Выше мы привели примеры тем и лейтмотивов отдельных романов. Помимо таких частных тем, в творчестве Набокова обнаруживаются более общие темы, которые в той или иной степени присутствуют почти во всех его произведениях. Одна из таких сквозных тем была замечена уже в тридцатые годы самым проницательным русским критиком творчества Набокова Владиславом Ходасевичем: «Жизнь художника и жизнь приема в сознании художника — вот тема Сирина». То, что такое понимание творчества Набокова правильно и до сих пор, подтверждается Эндрю Филдом, который добавляет, что «этот взгляд дает универсальный ключ, который "срабатывает" почти для всех художественных произведений Набокова»3. Перефразировав слова Ходасевича, мы можем сказать, что главная тема Набокова — это сам процесс литературного творчества. Как и в случае отдельных произведений Набокова, каждое из которых имеет конкретную тему и мотив, тщательно подобранный для этой темы и настроенный ей в лад, главная тема Набокова тоже имеет свой отличительный мотив.
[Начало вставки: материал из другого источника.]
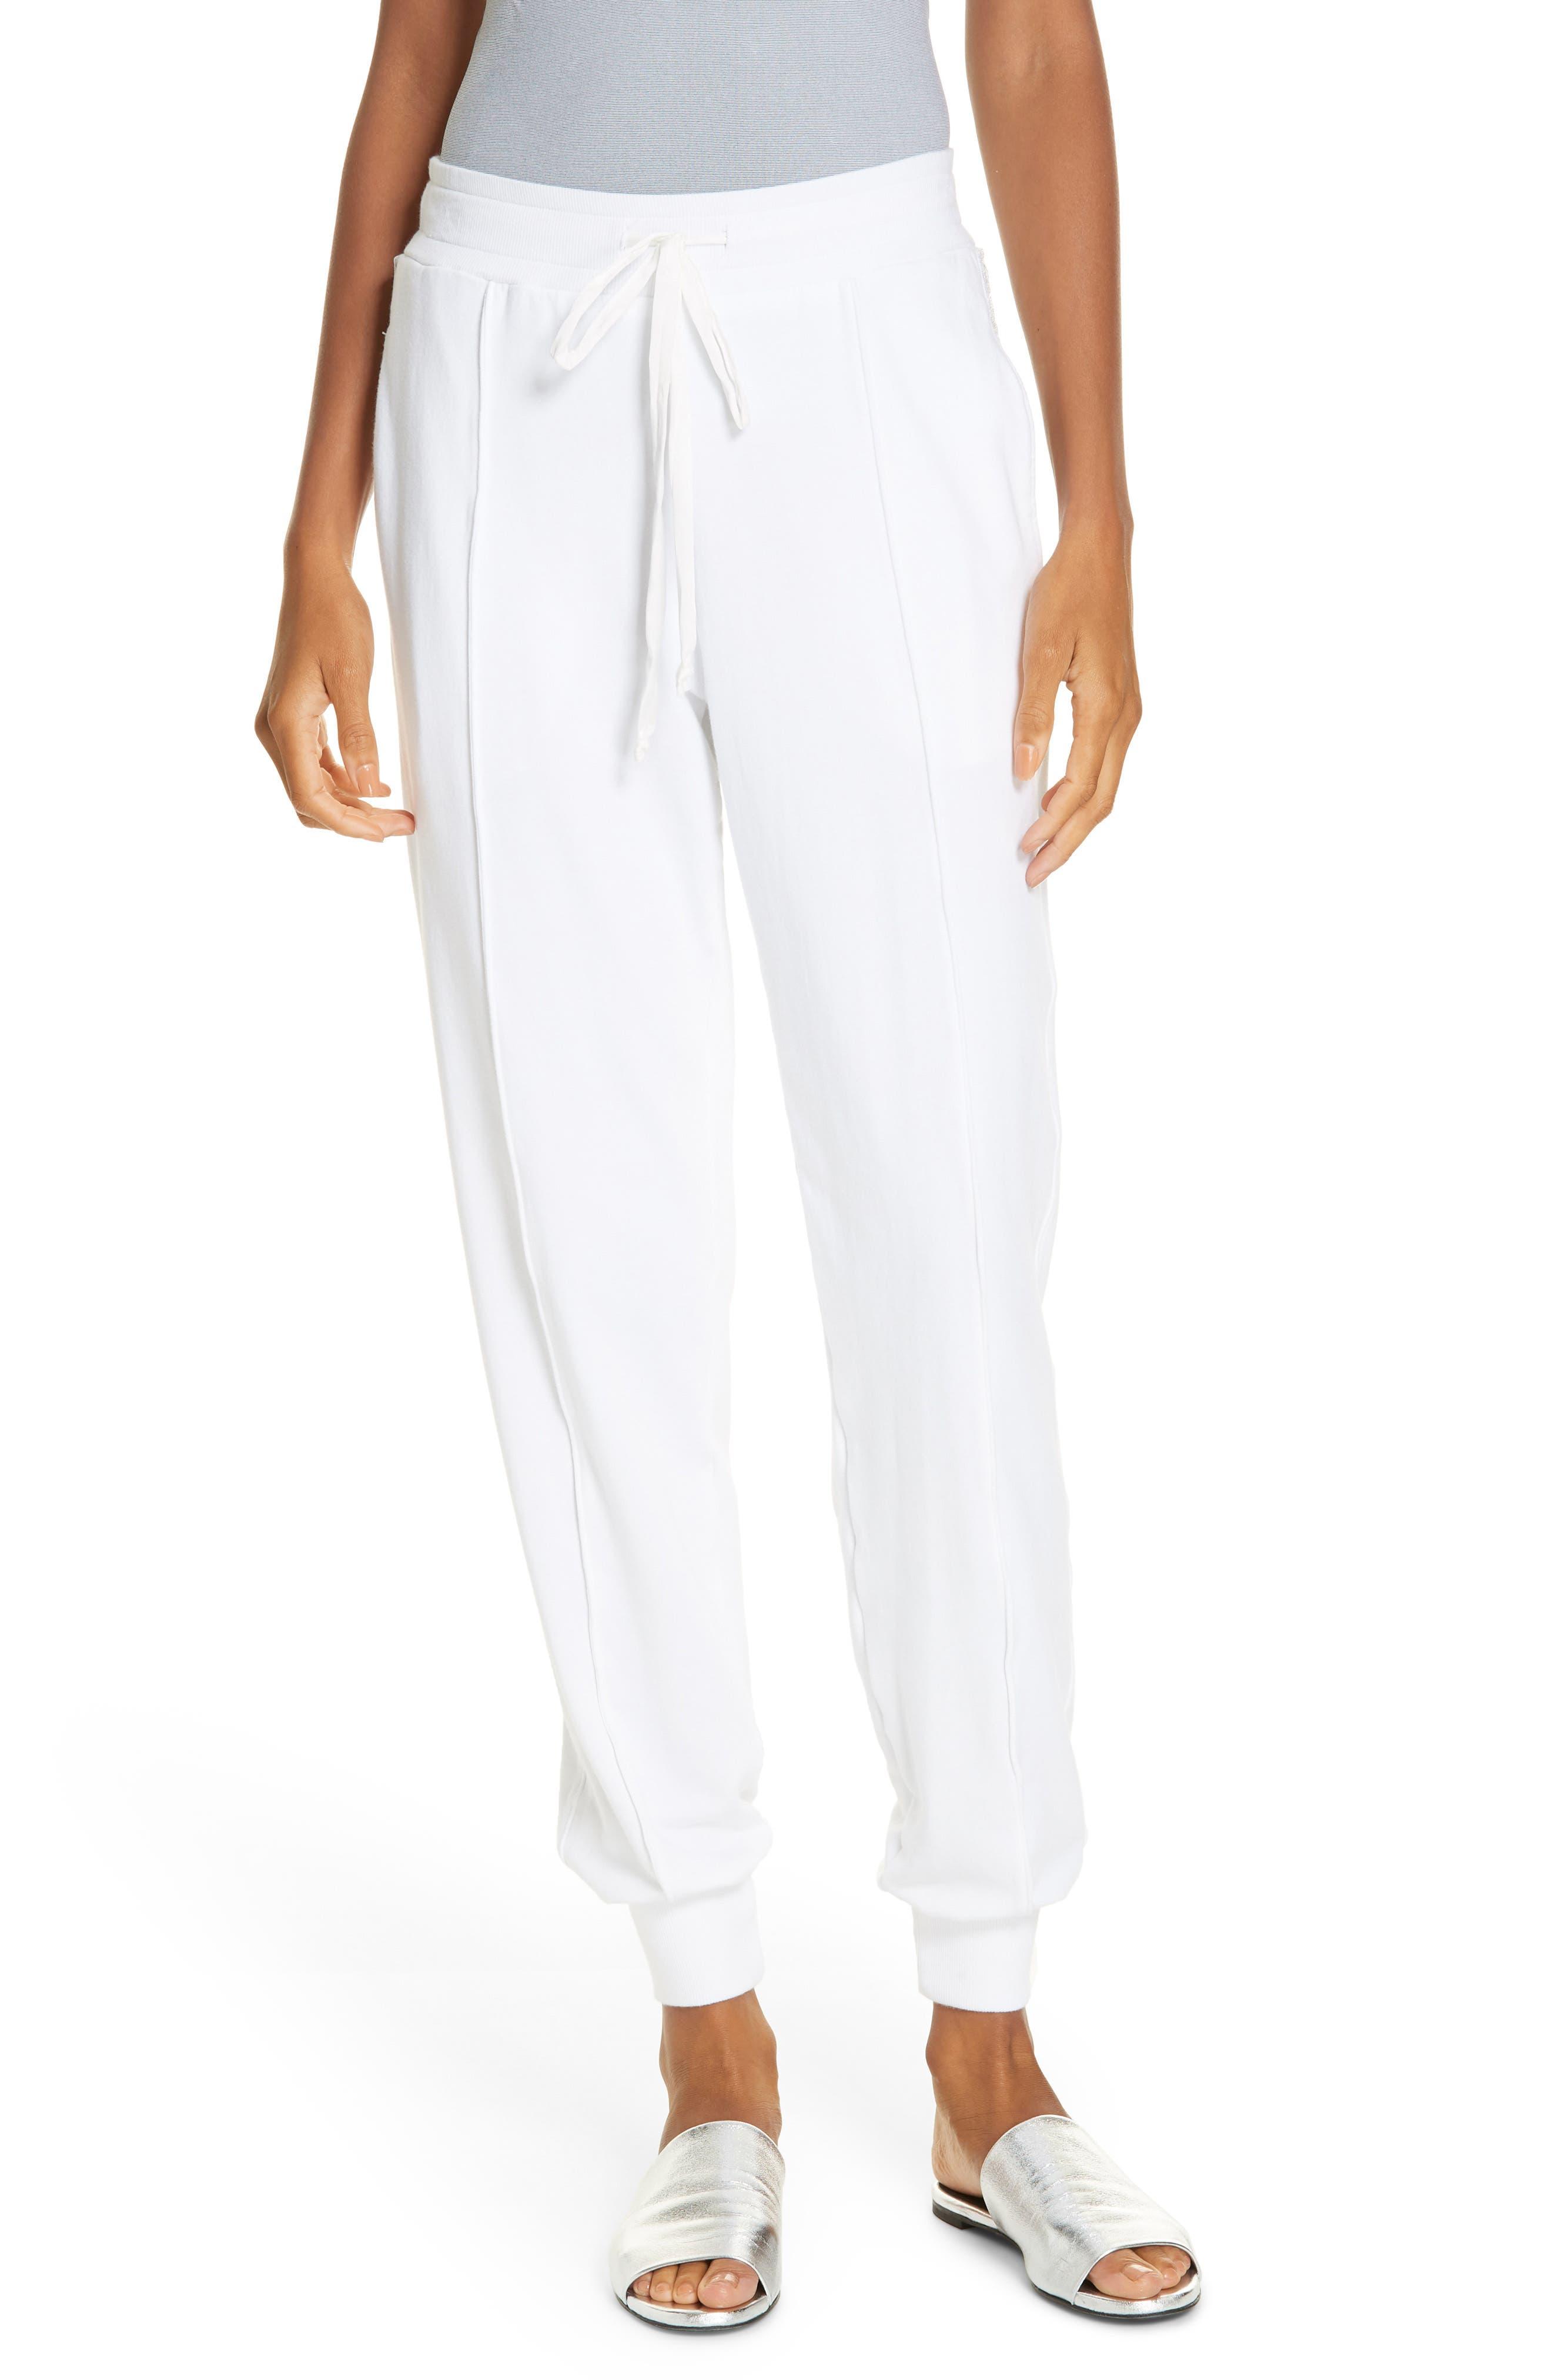 Sequin Cotton Blend Jogger Pants,                             Main thumbnail 1, color,                             WHITE

Образ-лейтмотив, выбранный Набоковым для выражения своей главной темы, — алфавитный символ, буква.
Использование Набоковым алфавитных знаков в качестве символического мотива темы литературного творчества можно в том или ином виде найти почти во всех его книгах. Не удивительно, что именно в тех трех произведениях, где тема литературного творчества особенно важна, мотив буквы проявляется наиболее явно и разнообразно. Автобиография «Память, говори» — это
компендиум набоковских тем и мотивов, и именно здесь мы находим рассказ об установлении символической связи между мотивом буквы и темой литературного творчества. Летом 1905 года отец Набокова обнаружил, что его шестилетний сын по-английски читать и писать умеет, а по-русски — нет, и нанял деревенского учителя, чтобы тот обучил мальчика русскому правописанию. В первый день учитель подарил ученику «коробку удивительно аппетитных кубиков с разными буквами на каждой из граней; обращался он с этими кубиками словно с редкостными драгоценностями, чем, впрочем, они и были» (СА 5, 333). Учитель вновь появляется летом 1914 года, когда «во время неторопливых блужданий, сопровождавших сочинение первого из моих стихотворений, я столкнулся с нашим сельским учителем... (я рад вновь поприветствовать этот образ)» (СА 5, 503). Не случайно именно в этот момент юный Набоков встречает человека, который научил его читать по-русски и подарил ему те драгоценные цветные кубики с буквами.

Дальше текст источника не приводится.